What is expected »
In the data below, find each line containing the string "Championships" and return it.

Records from a dataset:
□ □ □ □ □ □ □

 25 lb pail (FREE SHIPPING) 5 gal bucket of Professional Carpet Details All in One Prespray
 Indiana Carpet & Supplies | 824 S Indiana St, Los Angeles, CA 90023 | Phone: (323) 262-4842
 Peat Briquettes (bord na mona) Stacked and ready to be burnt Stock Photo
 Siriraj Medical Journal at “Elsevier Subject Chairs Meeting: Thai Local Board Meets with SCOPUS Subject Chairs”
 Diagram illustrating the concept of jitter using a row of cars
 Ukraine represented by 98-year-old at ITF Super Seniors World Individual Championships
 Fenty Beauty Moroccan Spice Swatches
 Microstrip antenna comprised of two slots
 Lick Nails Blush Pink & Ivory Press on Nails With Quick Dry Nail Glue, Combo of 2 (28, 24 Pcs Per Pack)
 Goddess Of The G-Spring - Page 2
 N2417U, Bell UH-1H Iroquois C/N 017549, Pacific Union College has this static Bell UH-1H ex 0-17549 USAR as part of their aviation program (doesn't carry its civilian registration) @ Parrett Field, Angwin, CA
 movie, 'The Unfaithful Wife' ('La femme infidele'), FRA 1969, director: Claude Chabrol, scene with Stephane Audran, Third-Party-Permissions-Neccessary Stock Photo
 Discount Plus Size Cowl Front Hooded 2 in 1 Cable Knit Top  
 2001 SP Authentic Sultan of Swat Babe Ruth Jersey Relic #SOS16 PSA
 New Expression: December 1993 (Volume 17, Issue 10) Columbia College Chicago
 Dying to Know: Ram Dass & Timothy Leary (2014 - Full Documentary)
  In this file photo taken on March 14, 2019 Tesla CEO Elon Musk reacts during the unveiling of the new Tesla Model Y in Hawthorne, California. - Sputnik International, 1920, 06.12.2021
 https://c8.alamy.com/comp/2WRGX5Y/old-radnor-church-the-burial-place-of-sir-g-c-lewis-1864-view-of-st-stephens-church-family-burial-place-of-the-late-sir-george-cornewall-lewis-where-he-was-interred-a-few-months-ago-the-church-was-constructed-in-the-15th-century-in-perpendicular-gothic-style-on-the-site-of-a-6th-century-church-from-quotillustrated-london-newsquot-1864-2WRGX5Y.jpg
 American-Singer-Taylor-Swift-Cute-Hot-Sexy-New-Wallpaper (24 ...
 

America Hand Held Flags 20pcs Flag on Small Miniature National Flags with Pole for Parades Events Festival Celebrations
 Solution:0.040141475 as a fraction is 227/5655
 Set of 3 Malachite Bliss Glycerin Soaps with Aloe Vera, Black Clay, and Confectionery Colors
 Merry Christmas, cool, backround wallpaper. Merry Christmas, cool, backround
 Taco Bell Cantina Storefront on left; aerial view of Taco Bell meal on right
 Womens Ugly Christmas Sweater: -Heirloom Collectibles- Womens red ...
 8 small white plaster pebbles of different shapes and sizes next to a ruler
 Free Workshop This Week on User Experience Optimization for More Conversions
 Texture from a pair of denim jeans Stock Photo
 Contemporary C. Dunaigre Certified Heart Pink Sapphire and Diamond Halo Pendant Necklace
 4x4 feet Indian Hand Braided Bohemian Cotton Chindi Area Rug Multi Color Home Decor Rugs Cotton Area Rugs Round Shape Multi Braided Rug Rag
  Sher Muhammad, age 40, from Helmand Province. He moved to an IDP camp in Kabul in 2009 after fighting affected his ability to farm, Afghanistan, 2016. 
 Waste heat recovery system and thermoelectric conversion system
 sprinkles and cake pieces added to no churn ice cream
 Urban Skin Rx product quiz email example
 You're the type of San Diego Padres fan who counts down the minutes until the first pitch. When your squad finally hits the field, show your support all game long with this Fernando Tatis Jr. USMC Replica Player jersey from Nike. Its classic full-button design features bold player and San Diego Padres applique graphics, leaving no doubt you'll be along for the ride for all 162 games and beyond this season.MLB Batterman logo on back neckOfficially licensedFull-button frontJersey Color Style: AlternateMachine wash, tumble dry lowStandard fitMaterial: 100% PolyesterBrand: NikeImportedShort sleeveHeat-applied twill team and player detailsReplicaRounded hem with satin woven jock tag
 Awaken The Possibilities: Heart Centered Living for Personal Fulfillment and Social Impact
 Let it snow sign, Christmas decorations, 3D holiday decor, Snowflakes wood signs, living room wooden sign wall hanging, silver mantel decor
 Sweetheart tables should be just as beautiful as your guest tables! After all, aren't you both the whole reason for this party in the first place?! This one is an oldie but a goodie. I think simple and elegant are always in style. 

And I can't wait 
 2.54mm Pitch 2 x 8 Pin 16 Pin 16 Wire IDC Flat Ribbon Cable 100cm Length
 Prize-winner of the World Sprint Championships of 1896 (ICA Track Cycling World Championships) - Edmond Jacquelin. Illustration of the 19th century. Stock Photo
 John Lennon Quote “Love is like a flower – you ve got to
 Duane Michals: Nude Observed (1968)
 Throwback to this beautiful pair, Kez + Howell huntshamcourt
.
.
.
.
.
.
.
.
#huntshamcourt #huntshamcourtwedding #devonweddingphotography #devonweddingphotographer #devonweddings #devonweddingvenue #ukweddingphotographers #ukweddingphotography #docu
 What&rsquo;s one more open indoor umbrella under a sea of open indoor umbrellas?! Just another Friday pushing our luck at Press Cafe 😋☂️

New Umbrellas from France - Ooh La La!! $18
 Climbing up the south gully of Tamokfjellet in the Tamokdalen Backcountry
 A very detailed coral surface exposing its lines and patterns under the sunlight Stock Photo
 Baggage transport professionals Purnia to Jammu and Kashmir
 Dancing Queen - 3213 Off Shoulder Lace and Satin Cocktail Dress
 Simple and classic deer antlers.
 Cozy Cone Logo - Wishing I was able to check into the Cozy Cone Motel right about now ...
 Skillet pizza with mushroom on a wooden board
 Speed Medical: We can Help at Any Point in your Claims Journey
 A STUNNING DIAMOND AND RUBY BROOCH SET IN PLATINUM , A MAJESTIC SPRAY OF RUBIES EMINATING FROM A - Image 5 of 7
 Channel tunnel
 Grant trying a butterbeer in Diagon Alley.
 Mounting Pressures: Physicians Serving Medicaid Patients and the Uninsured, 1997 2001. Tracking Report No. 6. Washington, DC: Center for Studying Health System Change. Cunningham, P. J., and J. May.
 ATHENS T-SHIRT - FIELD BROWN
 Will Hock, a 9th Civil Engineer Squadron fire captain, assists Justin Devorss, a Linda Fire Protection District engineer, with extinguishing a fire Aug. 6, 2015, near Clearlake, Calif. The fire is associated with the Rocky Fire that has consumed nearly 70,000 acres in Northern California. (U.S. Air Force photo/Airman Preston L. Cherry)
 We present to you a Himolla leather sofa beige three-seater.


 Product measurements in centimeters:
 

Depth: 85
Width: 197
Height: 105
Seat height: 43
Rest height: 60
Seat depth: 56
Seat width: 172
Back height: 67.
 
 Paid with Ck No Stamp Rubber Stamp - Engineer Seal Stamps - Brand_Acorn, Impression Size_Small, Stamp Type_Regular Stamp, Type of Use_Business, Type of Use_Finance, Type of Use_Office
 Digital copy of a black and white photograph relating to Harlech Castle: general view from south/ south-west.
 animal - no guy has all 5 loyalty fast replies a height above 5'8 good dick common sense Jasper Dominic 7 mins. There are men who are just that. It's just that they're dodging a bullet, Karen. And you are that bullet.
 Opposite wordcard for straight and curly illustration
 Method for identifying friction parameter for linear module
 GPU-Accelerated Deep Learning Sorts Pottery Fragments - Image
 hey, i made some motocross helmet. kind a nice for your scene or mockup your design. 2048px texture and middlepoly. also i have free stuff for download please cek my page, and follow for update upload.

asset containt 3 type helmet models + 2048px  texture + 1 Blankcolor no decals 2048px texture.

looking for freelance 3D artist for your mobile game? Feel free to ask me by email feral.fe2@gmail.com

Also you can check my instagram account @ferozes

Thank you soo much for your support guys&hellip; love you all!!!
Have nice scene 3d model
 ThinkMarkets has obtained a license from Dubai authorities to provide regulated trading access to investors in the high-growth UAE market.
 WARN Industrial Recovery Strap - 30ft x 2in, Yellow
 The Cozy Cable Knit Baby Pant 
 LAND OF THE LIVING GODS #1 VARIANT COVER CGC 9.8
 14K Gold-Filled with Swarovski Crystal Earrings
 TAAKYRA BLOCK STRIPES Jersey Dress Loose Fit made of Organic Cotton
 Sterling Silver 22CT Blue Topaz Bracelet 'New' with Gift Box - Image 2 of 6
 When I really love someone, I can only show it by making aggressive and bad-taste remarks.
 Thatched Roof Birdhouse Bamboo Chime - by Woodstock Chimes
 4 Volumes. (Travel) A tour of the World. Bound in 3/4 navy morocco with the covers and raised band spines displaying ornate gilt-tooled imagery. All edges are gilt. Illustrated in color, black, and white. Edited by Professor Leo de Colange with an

□ □ □ □ □ □ □

Solution to this exercise »
 Ukraine represented by 98-year-old at ITF Super Seniors World Individual Championships
 Prize-winner of the World Sprint Championships of 1896 (ICA Track Cycling World Championships) - Edmond Jacquelin. Illustration of the 19th century. Stock Photo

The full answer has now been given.